GIVEN DATA>
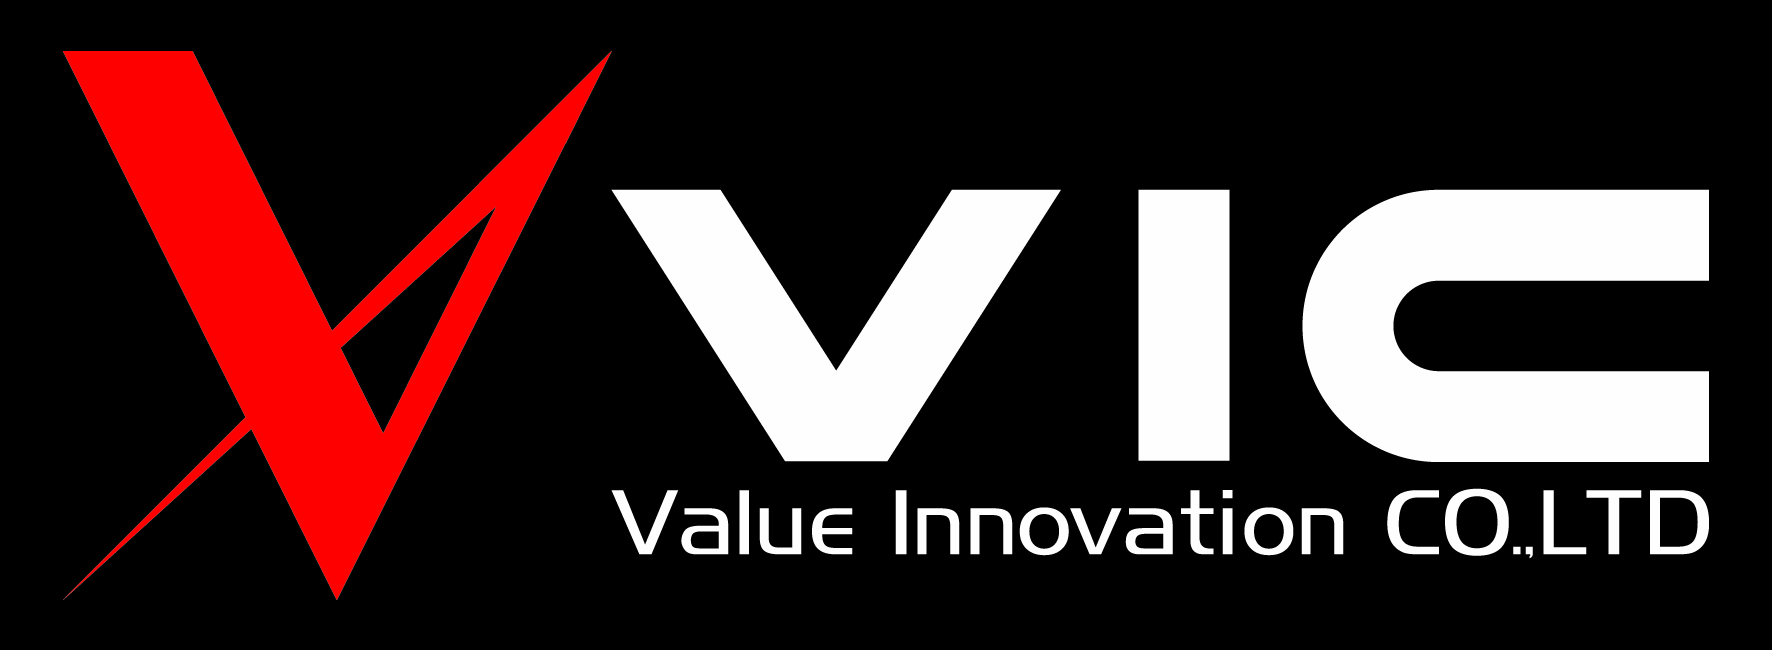 บริษัทValue Innovation CO.,LTD.
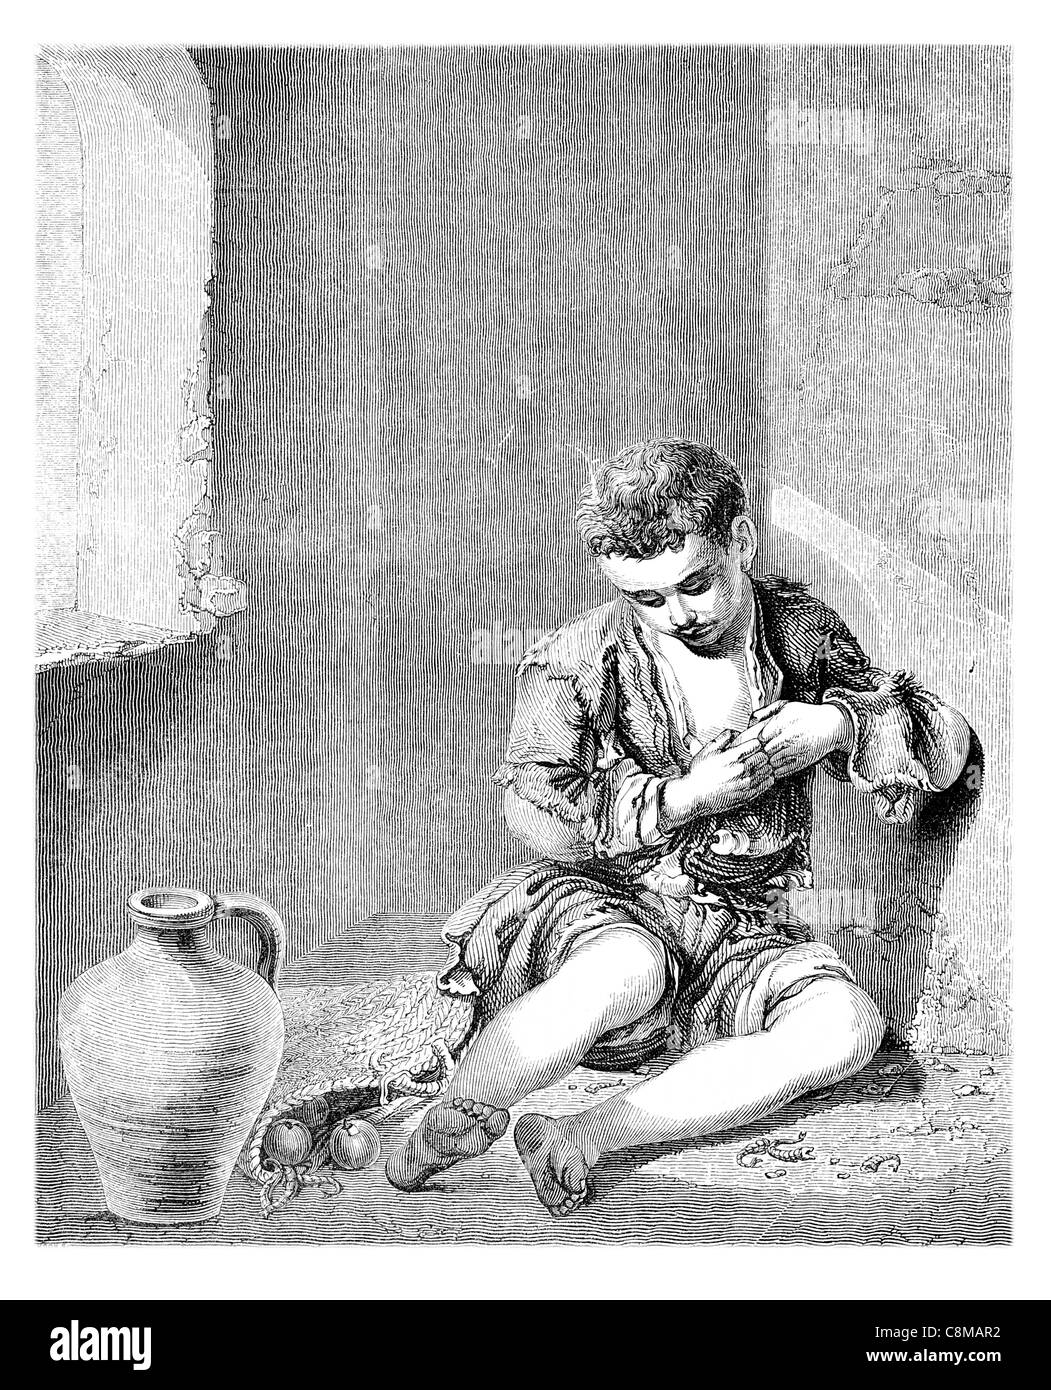 Jeune mendiant Bartolomé Esteban Murillo 1617 1682 peintre baroque espagnol enfants la mendicité des enfants mendier supplié pauvre paysan lonely Banque D'Images
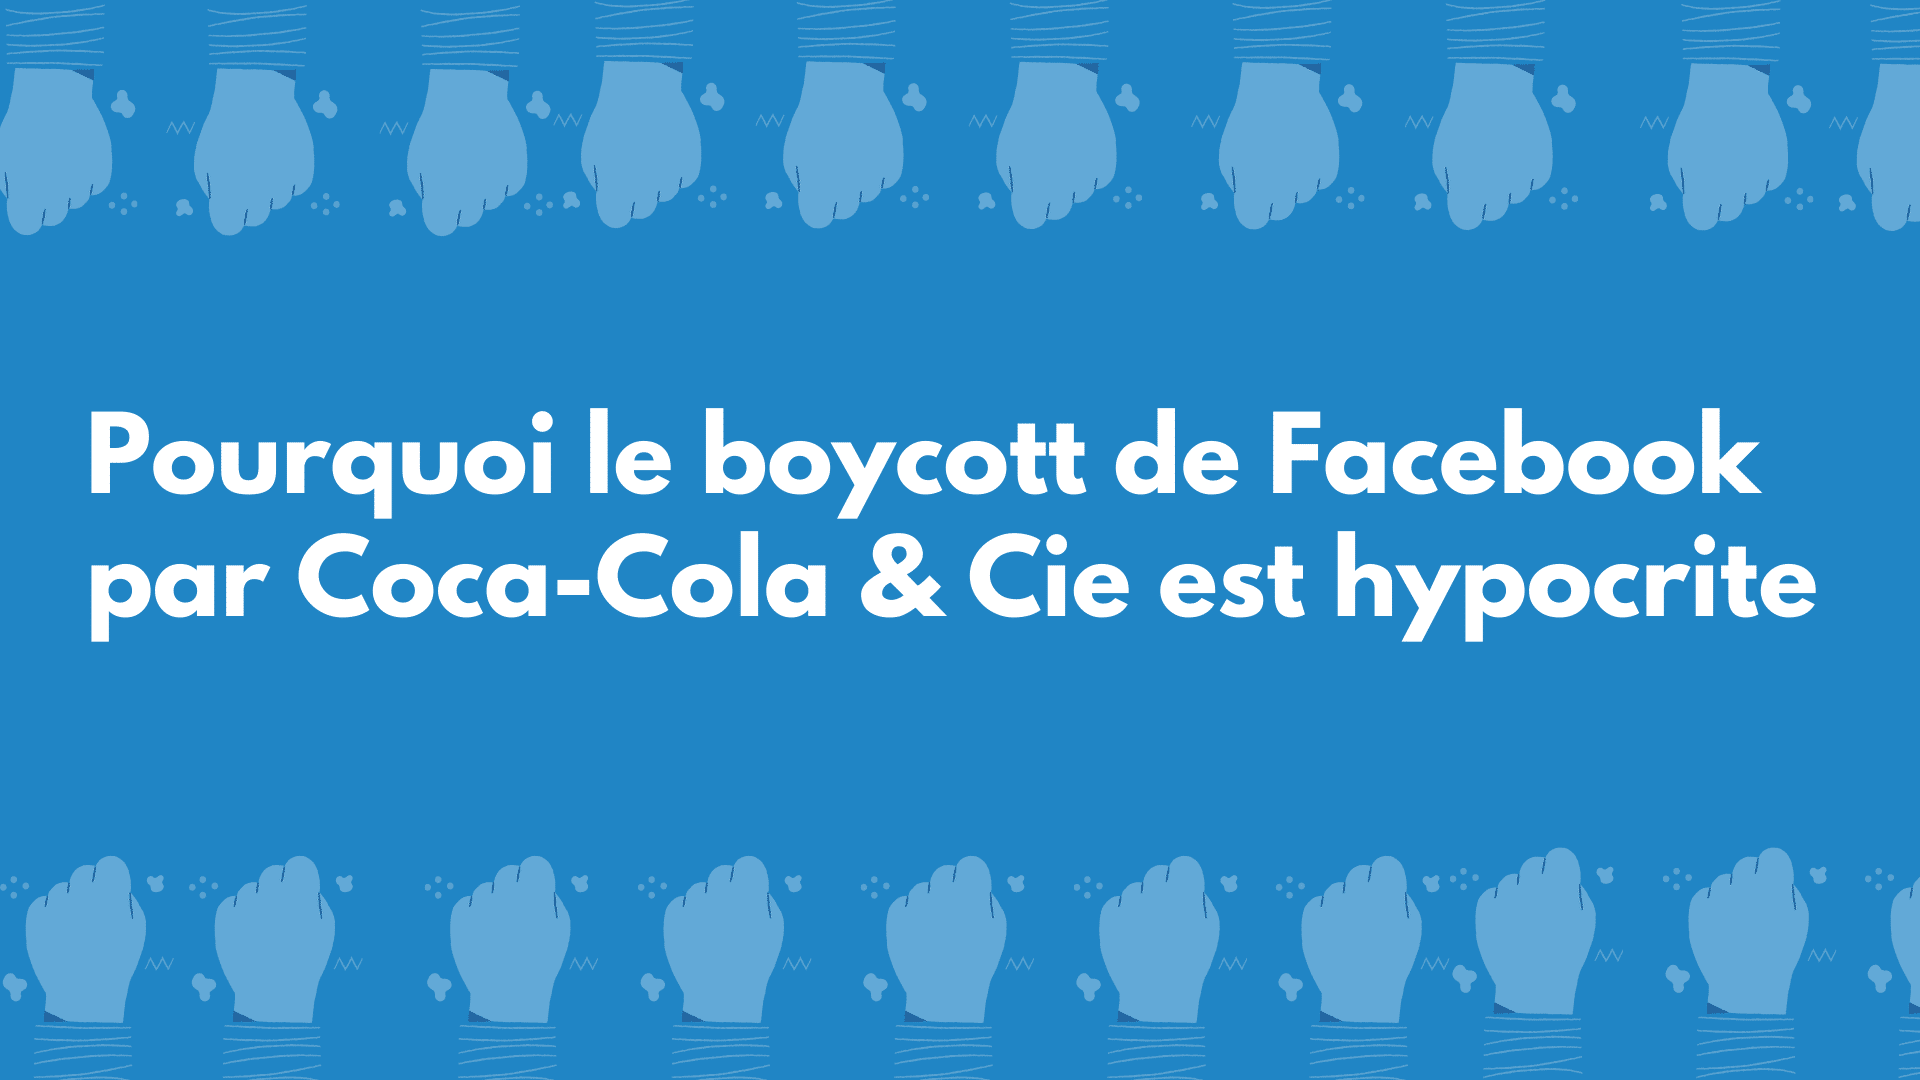 Marketing digital : Pourquoi le boycott de Facebook & Cie par Coca-Cola & Cie, c’est hypocrisie & Cie
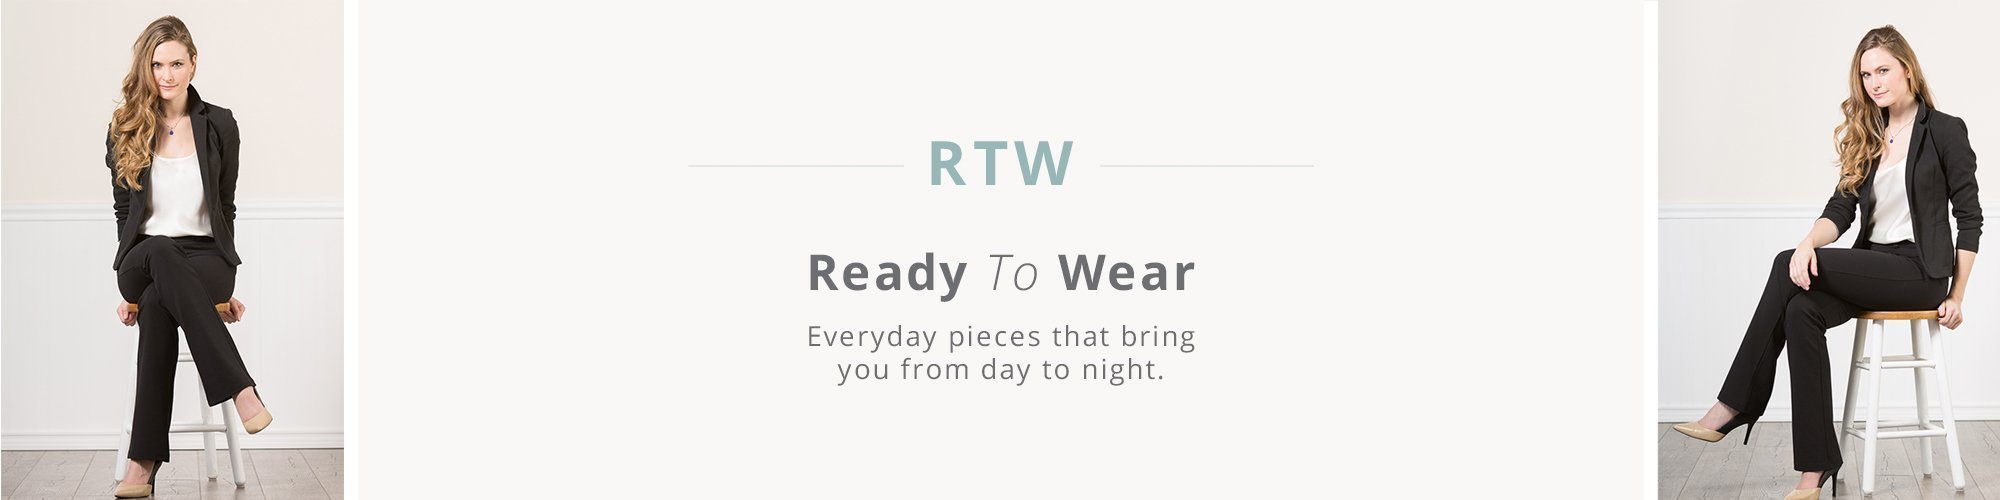 RTW: Ready To Wear

EXERCISE> All of the material above must be retyped exactly, line for line, with the images dropped.

RESULT OF THIS EXERCISE>
 บริษัทValue Innovation CO.,LTD.
 Jeune mendiant Bartolomé Esteban Murillo 1617 1682 peintre baroque espagnol enfants la mendicité des enfants mendier supplié pauvre paysan lonely Banque D'Images
 Marketing digital : Pourquoi le boycott de Facebook & Cie par Coca-Cola & Cie, c’est hypocrisie & Cie
 RTW: Ready To Wear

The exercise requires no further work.